20)       To assist in the determination of two of the admissibility criteria specified in the Schedule, namely, (1) whether 10% of the workers in the proposed bargaining unit are members of the Union (paragraph 36(1)(a)) and (2) whether a majority of the workers in the proposed bargaining unit would be likely to favour recognition of the Union as entitled to conduct collective bargaining on behalf of the bargaining unit (paragraph 36(1)(b)), the Panel proposed an independent check of the level of union membership and support within the proposed bargaining unit. It was agreed with the parties that the Employer would supply to the Case Manager a list of the names, dates of birth and job titles of workers within the proposed bargaining unit, and that the Union would supply to the Case Manager a list of its paid-up members within that unit, including their full names and dates of birth, and a copy of the petition in support of recognition mentioned in its application. It was explicitly agreed with both parties that, to preserve confidentiality, the names of the employees and members within the bargaining unit and the petition would not be copied to the other party and that agreement was confirmed in a letter dated 25 February 2026 from the Case Manager to both parties. 

21)       The Union provided a membership list by way of a spreadsheet containing the details of 32 individuals and a petition with 57 signatures. In its covering email the Union stated ‘The petition verified the authenticity of signatories by requiring that they provide a signature. The PDFs of which I will include in a further password protected email’. The pdfs took the form of a single A4 sheet for each signatory with the Unite logo and carried the following proposition:

The Cochrane Collaboration - Petition in Support of Union Recognition.

Unite the Union is asking your employer to recognise it for collective bargaining. We have to show the Central Arbitration Committee that a majority of workers favour our application. If you want your employer to recognise Unite for collective bargaining, please sign the petition.

I support recognition of Unite as entitled to conduct collective bargaining including pay, hours and holidays.

Name

Job Title

Signature

Each individual pdf was dated with the dates ranging between 7 January 2026 and 25 February 2026 and next to the proposition as to whether the signatory supported recognition of the union was a field for a response with all of the pdfs having ‘Yes’ in this field. The pdfs had the name, job title and electronic signature of each signatory.

22)       In addition to the pdfs the Union also provided a spreadsheet which combined the information from the separate pdf pages with columns headed: “Submission Date”, “I support recognition of Unite as entitled to conduct collective bargaining including pay, hours and holidays”, “Name, Job Title and Signature”. For each entry under the column headed “I support recognition of Unite…” was ‘yes’. The submission dates on the spreadsheet matched those on the pdfs ranging between 7 January 2026 and 25 February 2026.

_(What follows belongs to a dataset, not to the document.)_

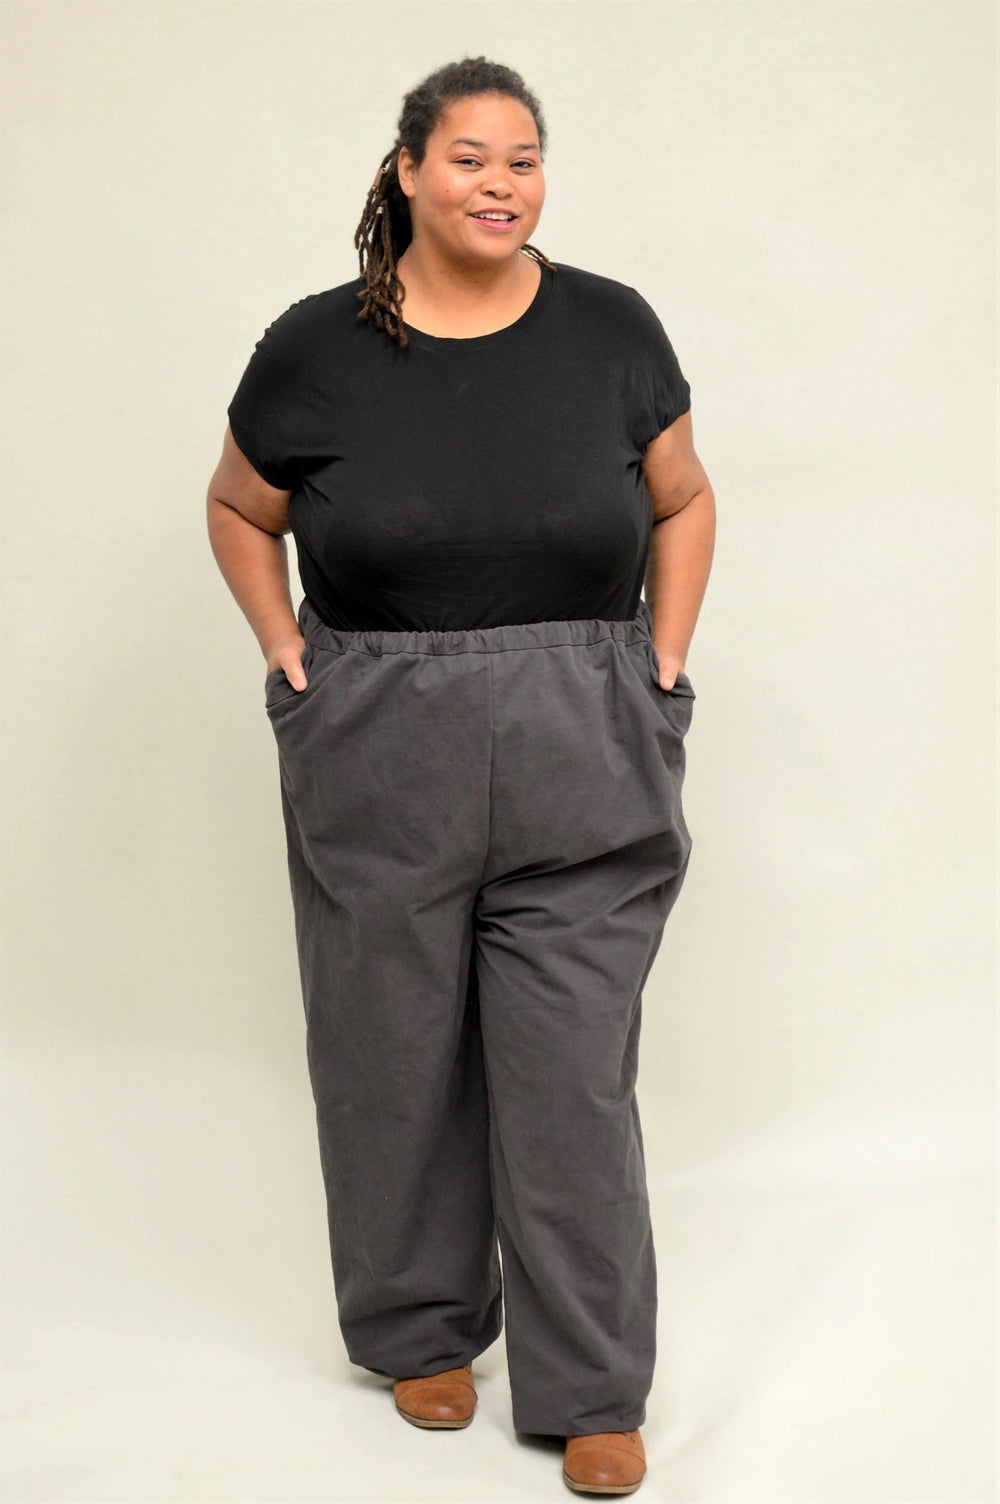 Woman wearing the Basics Pants sewing pattern from Folkwear on The Fold Line. A trouser pattern made in linen, flannel, gabardine, twill or lightweight denim fabrics, featuring an elastic-waist, relaxed fit, high-rise waist and front pockets with pocket f

23)       The Employer provided a spreadsheet with the details of 91 workers with columns headed “Worker Full Name”, “DOB” and “Job Title”. The job titles that were provided were set out in full in the membership report.

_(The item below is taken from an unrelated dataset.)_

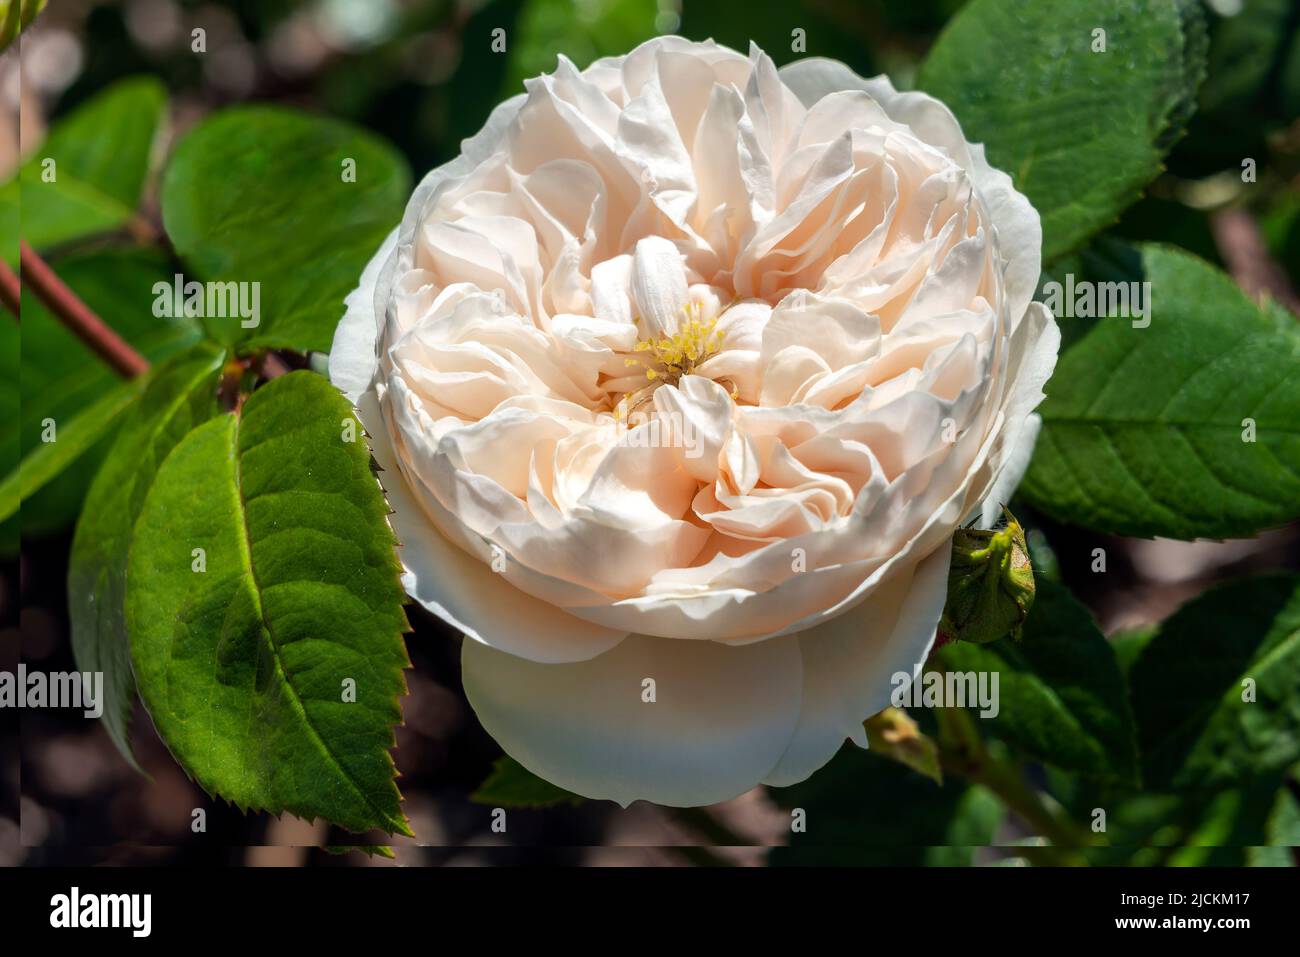 Rose (rosa) 'Macmillan Nurse' a summer autumn fall flowering shrub plant with a white summertime double flower, stock photo image Stock Photo

24)       According to the Case Manager’s report, the number of union members in the proposed bargaining unit was 32, a membership level of 35.16%. The check of the petition showed that it had been signed by 57 workers in the proposed bargaining unit however two of the signatures were duplicated, leaving 55 unique signatories. This represented 60.44% of the proposed bargaining unit. Thirty-two signatories were members of the Union and 23, that is 25.27% of the petition signatories, were non-members. The Panel is satisfied that this check was conducted properly and impartially. A report of the result of the membership check was circulated to the Panel and the parties on 26 February 2026 and the parties’ comments invited.

6. Parties’ comments on the membership and support check

25)       In an email dated 9 March 2026 the Union stated:

“Our only comments are that the report clearly shows that we meet the required threshold for eligibility following our standard means of assessing support (a petition with unique personal signatures from each signatory)”.

26)       In an email also dated 9 March 2026 the Employer stated:

“We have reviewed the documents sent through and are content to at the necessary engagement activity we requested of Unite has taken place. We confirmed with Unite via email that we were content to go ahead with voluntary recognition - this was sent to them on 27 February last, but we have yet to receive anything further from them.”.

7. Considerations

27)       In determining whether to accept the application the Panel must decide if the admissibility and validity provisions referred to in paragraph 3 above are satisfied. The Panel has carefully considered the parties’ submissions and all the evidence in reaching its decision. 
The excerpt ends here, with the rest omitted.